The opening scene grabs the audience in a vice, and the film never lets up thereafter. We see Hando and his cohorts terrorise and beat up a pair of young Vietnamese youths in the kind of dark and dingy underpass that signals urban menace, neon lit and cinematically rain-slicked, as the diegetic sounds of the scene become exaggerated and guttural, taking on a subjective colouring that is more expressionistic than realistic.

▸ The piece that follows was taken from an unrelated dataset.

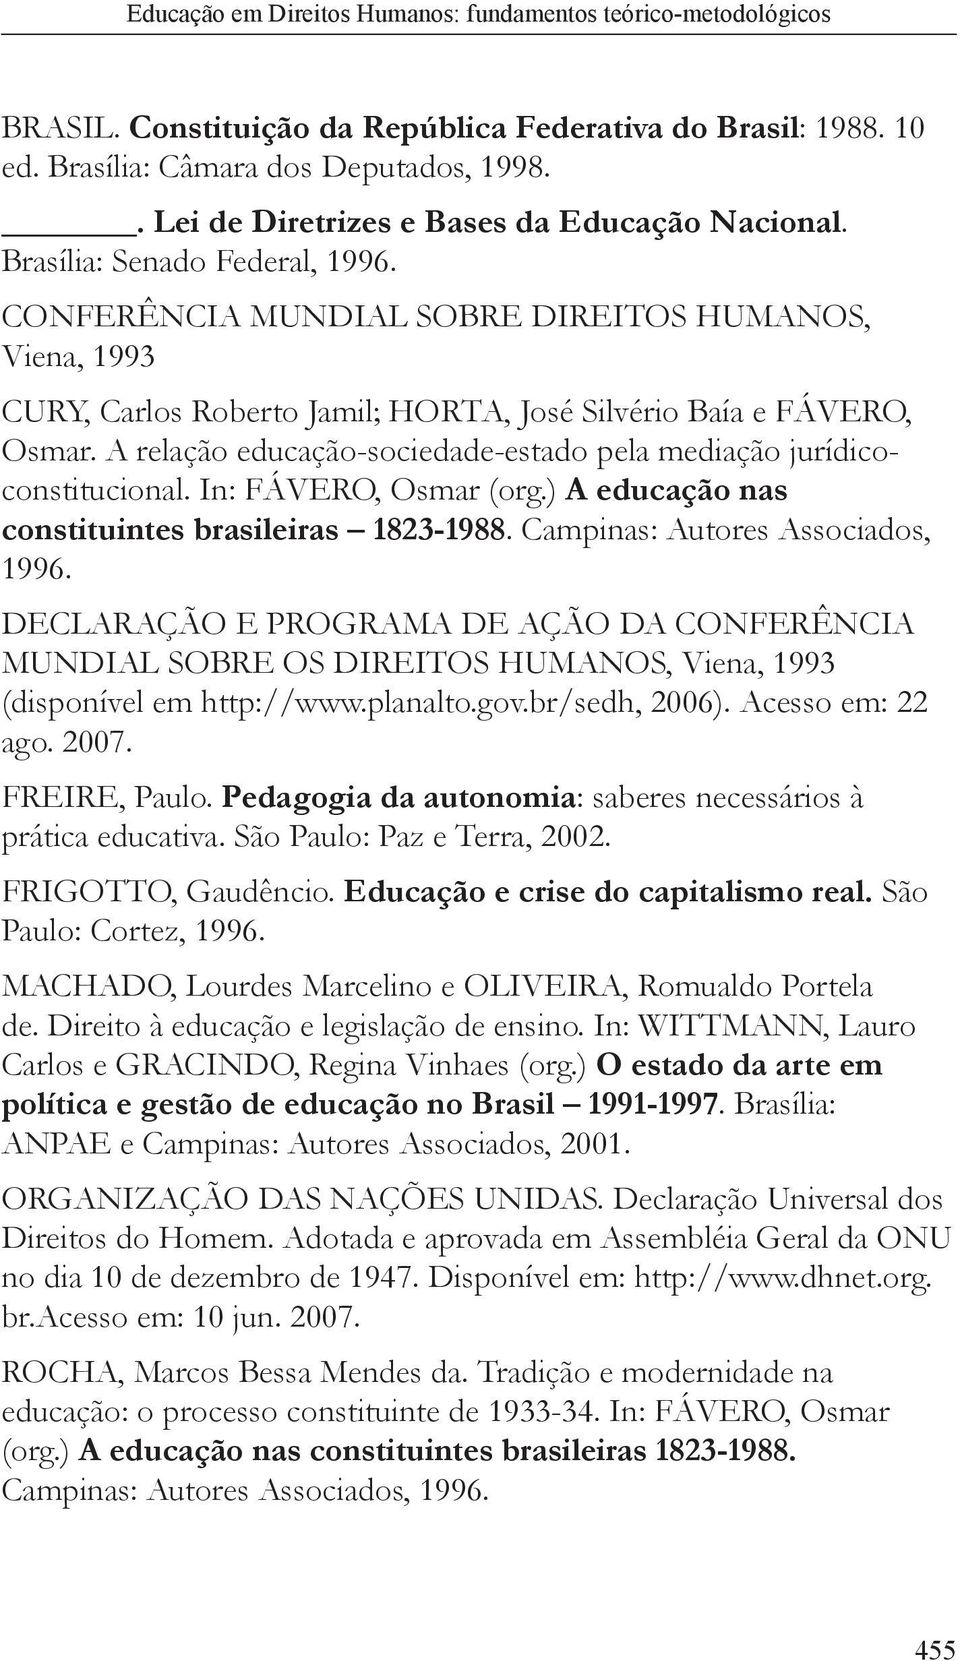 In: FÁVERO, Osmar (org.) A educação nas constituintes brasileiras 1823-1988. Campinas: Autores Associados, 1996.

As Crowe confronts one of the Vietnamese kids and pushes him up against the wall, he delivers the following lines of dialogue, filled with the sort of pent up racist aggression that serves as a harrowingly believable prelude to the blunt violence in which the scene climaxes. Crowe says menacingly: “Why did you push me? Look at me. I want to tell to tell you something. This is not your country.” Once the characters are presented in close-up and their names blazed across the screen in captions (a trick copied to great effect, and made into a signature by Nicolas Winding Refn in the similarly hard-hitting Danish actioner Pusher [1996]), the scene is set for one of the greatest chase-movies of the decade. Romper Stomper drew some rather unfair criticism for its stylistically lively approach to the subject matter, but also saw the arrival of a star of the highest order, even if Crowe, as Bogart had done early in his career, essentially played the bad guy who gets it in the end.

Endnotes

  1. David Thomson, The New Biographical Dictionary of Film, Alfred A. Knopf, New York, 2002, p. 174.
  2. Arnold Berleant, Art and Engagement, Temple University Press, Philadelphia, 1991, p. 176.

About The Author

Inge Fossen is a Norwegian writer with an MA in Film Studies from Lillehammer University College, Norway (2009), and an MA in Art History from Uppsala University, Sweden, (2010). His key interest is the intersection between journalism and academic criticism.